Investing in the revival of the Iraqi oil industry offers the best hope of containing soaring global oil prices, according to a leading international economist in the energy industry.

The International Energy Agency (IEA), which acts as an energy adviser to 27 of the largest oil-consuming nations, says the rebuilding of Baghdad’s production capacity beyond its output of about 2.5 million barrels-a-day (b/d) could help calm the current supply crunch.

“Iraq is one of the very few areas which could bring production [to the market] in a relatively short period of time in big levels, which would obviously help prices,” Fatih Birol, chief economist at the IEA tells MEED.

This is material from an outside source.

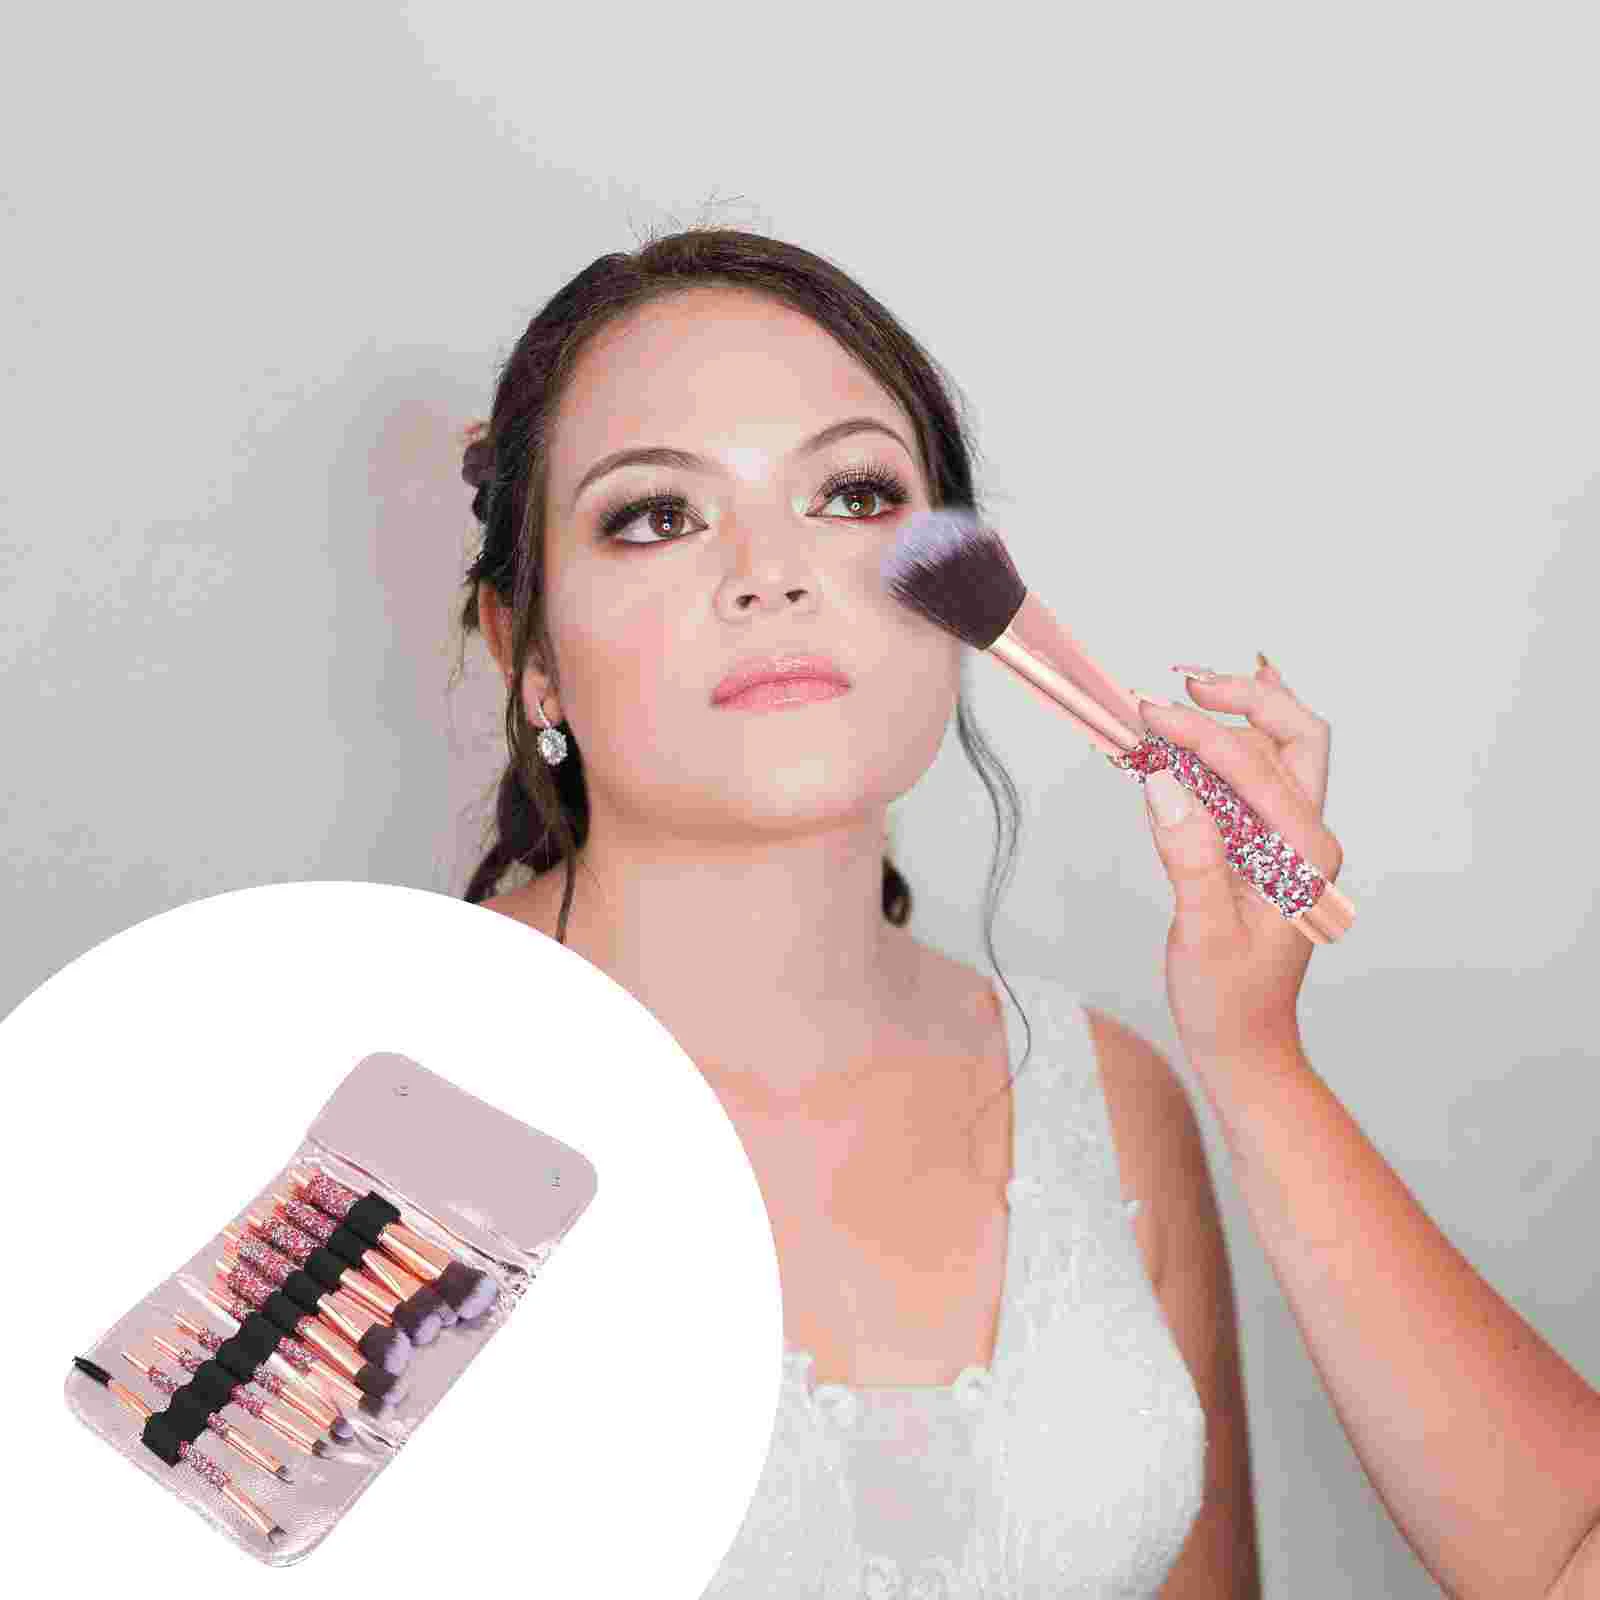 

Brush Makeup Brushespowder Face Set Blush Concealer Handheld Eyeshadow Kabuki Blending Foundation Portable Kit Supplies Loose

“Iraq’s geology is easy compared with other countries and it is easy to bring it to the pump stations. The rehabilitation of the existing fields [and the] development of new fields could be the industry’s window to ease supply concerns.”

His comments come at a time of increasing global concern over high oil prices, which have been trading in excess of $130 a barrel in recent days. The situation has prompted Riyadh to call a summit of oil-producing and consuming countries to discuss the issue.

The meeting, to be held on 22 June in Jeddah, will look at the causes of the high prices and try to develop strategies to deal with them. Officials from oil-producing nations, consuming countries and international oil companies (IOCs) are all expected to attend.

Birol says Saudi Arabia’s efforts to take the lead on such a contentious issue should be welcomed. “We strongly believe producers and consumers should talk and this is a good step,” he says.

However, he emphasises the need for firm decisions to be made. “I really hope that these talks end up with concrete steps, such as convincing the market that we will have enough investments which will bring new supply additions.”

Previous meetings between top oil producers, including last year’s Opec summit in Riyadh, have been criticised for failing to tackle issues including the rise of price speculation by hedge funds and the impact of the falling dollar on oil revenues.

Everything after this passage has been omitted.